Pierre Moscovici défend la nouvelle taxe carbone face aux critiques.

Pierre Moscovici défend la nouvelle taxe carbone face aux critiques. - -

Pierre Moscovici a tenté d'éteindre la polémique sur la "contribution climat-énergie" ce 23 août, qui n'a pas pour but de "frapper les Français" mais de "modifier les comportements". Bernard Cazeneuve assure que cette taxe "n'est pas une fiscalité de plus".

Depuis La Rochelle, où se tient l'université d'été du Parti socialiste, la "contribution climat énergie" annoncée par le ministre de l'Ecologie fait réagir les éléphants du parti.

En premier lieu, le ministre de l'Economie, Pierre Moscovici, qui assure que ce nouveau prélèvement, dont les contours ne sont pas encore connus, n'est pas destiné à "frapper les Français", mais à "modifier les comportements".

"Il ne s'agit pas d'une nouvelle taxe, mais l'idée [est] de verdir les taxes existantes pour modifier les comportements, avec une montée en puissance qui devra être définie dans le temps", a commenté Pierre Moscovici. Il reprenait ainsi les mots de Bruno Le Roux, le patron des députés socialistes, et ceux de la porte-parole du gouvernement Najat Vallaud-Belkacem prononcés un peu plus tôt ce vendredi 23 août. 

Des déclarations qui visent à rassurer les contribuables qui pourraient voir cette "taxe carbone remixée" comme un nouvel impôt, alors même que le gouvernement s'est engagé à ne pas augmenter les prélèvements obligatoires.

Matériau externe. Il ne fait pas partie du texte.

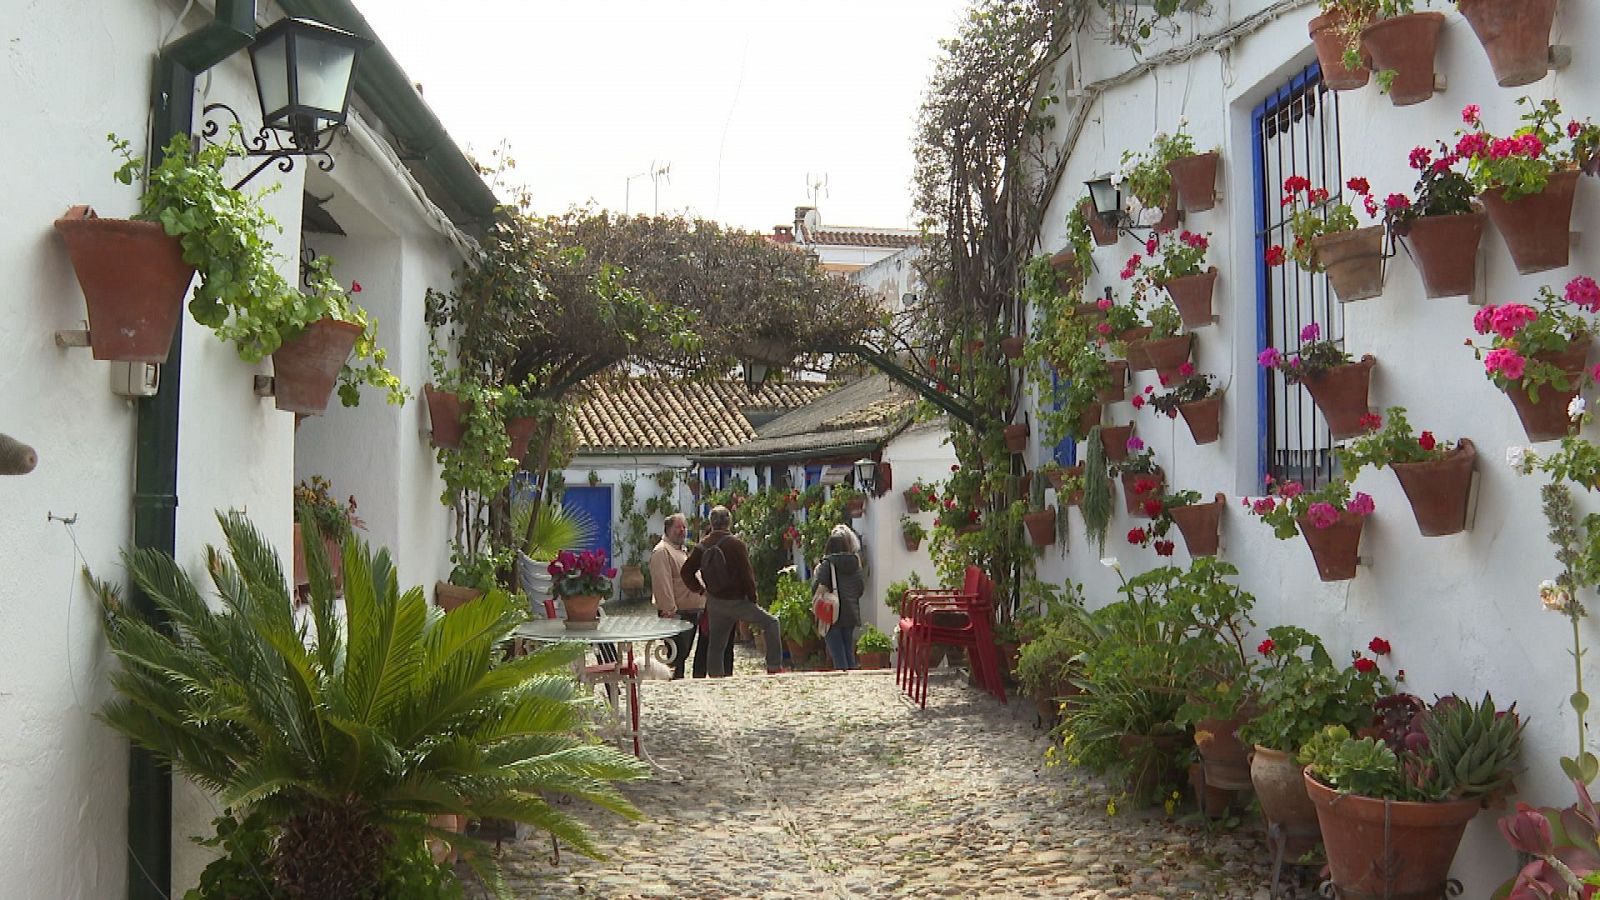 En Córdoba, los patios han adquirido un sentido único

Bernard Cazeneuve lui a emboîté le pas. Dans un entretien à l'AFP, le ministre délégué au Budget a affirmé que la contribution climat énergie "n'est pas une fiscalité de plus" qui viendrait "rajouter de la pression fiscale". "Il s'agit de faire évoluer la fiscalité existante de manière à susciter des comportements vertueux", ajoute-t-il, reprenant peu ou prou le discours de son ministre du tutelle.

Même le ministre de l'Ecologie s'est vu obligé, si ce n'est de rectifier le tir, au moins de préciser ses propos. "S'il s'agissait d'une taxe nouvelle je serais contre, comme j'étais contre la taxe carbone", a-t-il ainsi expliqué dès son arrivée à La Rochelle. "Nous sommes en train de travailler à un dispositif qui n'aura aucune incidence en terme de pression fiscale en 2014 pour les Français". 

De multiples tentatives pour éteindre la polémique, alors que les réactions négatives se multiplient, même dans le camp socialiste. Ainsi Ségolène Royal, présidente PS de Poitou-Charentes, a estimé vendredi que ce n'était "pas le moment de mettre un impôt supplémentaire", jugeant que l'écologie ne devait "pas être une punition".

Pour sa part, le Medef a dénoncé un "mauvais coup porté aux entreprises, à la croissance et à l'emploi". L'organisation patronale s'est émue de ce qu'elle considère comme une "marche forcée vers de nouveaux prélèvements", une mesure "irresponsable".

Rappelons que Philippe Martin avait annoncé jeudi 22 août que la création de cette contribution avait été "actée" par le Premier ministre. Mais il n'a donné pas donné davantage de détails, assurant que le montant et le rythme de cette contribution feraient l'objet d'un débat. Pierre Moscovici a précisé que ces modalités seraient inscrites dans la budget 2014.